I did end up sleeping in another room last night, a lot of that was do to my anxiety though and not their noise and well my husband was snoring really bad :/ It might take me a bit to get used to the noise but I might try the bathroom if it continues to be a problem. It is a tiny bathroom though so not sure if we will be able to get much more then their litter box in there! But it would just be for part of the night. I might just get used to it though I mean I had guinea pigs in that room once and it was also "fun times" sometimes there!

When I went back into the bedroom though I got a nice little surprise that helped me feel somewhat better. Both kitties came up on the bed and curled up by me for a little bit. And for them to do that when they have basically just met me is pretty amazing and encouraging! Especially since I have read plenty of stories where cats take weeks to adjust and wonlt even come out of hidding unless its to eat or the owner is gone. 

Admittingly though I am still quite anxious but I think I realize I need to take it one thing one day at a time rather then worry about everything. I mean I was worrying about grooming them, taking care of their teeth, clipping claws changing out their food to something better and so on. I think I need to take a step back and calm down though and realize that I donlt have to learn to do all those things at once. And that worse case scenerio and I get uncooperative cats well for at least the claw clipping and grooming I could always go to a professional if it becomes necessary. So I have to remind myself basically that there are work arounds and if one way doesn;t work another way might. Anyway thanks for the support!


----------



## Calliso (Aug 9, 2011)

marie73 said:


> I purposely adopted the twins on a long weekend so we had four days together. Unfortunately, it was a record-breaking HOT four days, 99+ in the house, but still, I'm glad we had that time together.
> 
> I guess when I think of putting cats in a bathroom, I picture mine, which is miniscule - so tiny, there's not even a bathtub, just a shower for munchkins. A regular-sized bathroom might be okay for a while.

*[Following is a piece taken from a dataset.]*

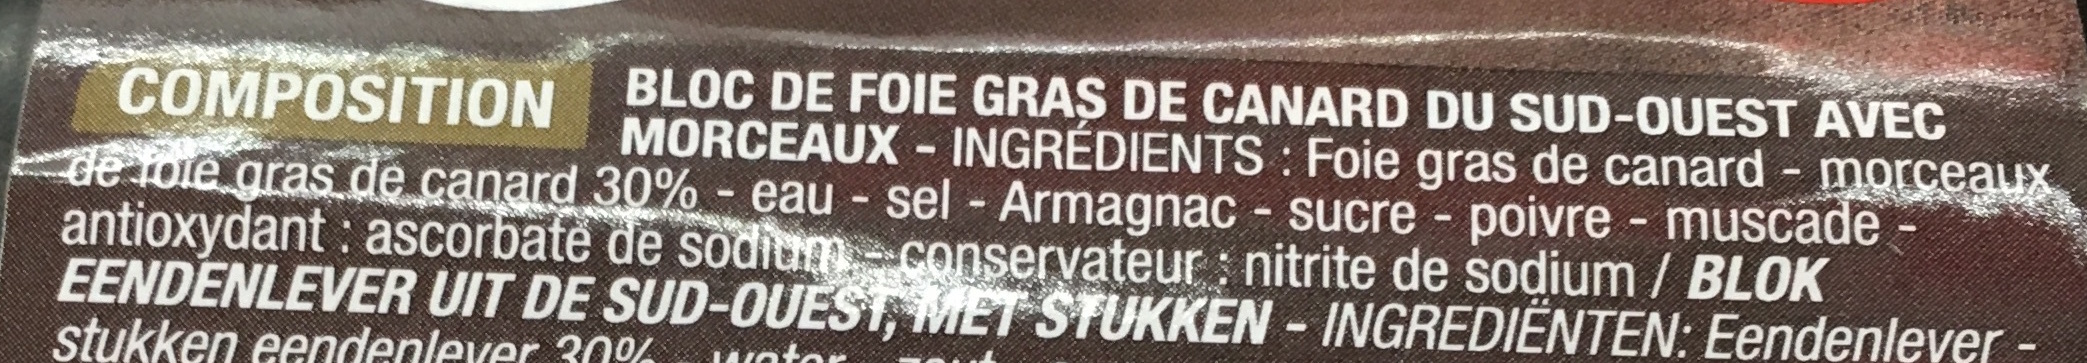 Bloc de Foie gras de canard du Sud-Ouest - Ingrediënten - fr

Mine has a bathtub but other then that is super tiny. It would probably work for maybe some nights but it is small.


----------



## OctoberinMaine (Sep 12, 2006)

I understand the anxiety....I remember it being a weird adjustment when I got my first cat ever in 2005. It was the weirdest feeling to think this little furball was dependent on me for food and companionship, and was able to walk around the house at will! _How weird_! (I only had guinea pigs before that.) 

But really, cats are very easy to take care of. You have the added bonus of having two kittens so they have each other to play with. Don't get caught up in the nail clipping and tooth cleaning, at least yet. It's easy to get overwhelmed when you go to Petsmart and see all the products and "must-haves" for cats. Truth is, a lot of those things aren't even needed, you'll never have to buy them, and your kittens will live great lives with you and your husband. As far as toys go, many people here on the forum will attest that homemade toys are the most effective anyway, like wadded up pieces of aluminum foil or the plastic rings off milk cartons. Have fun!


----------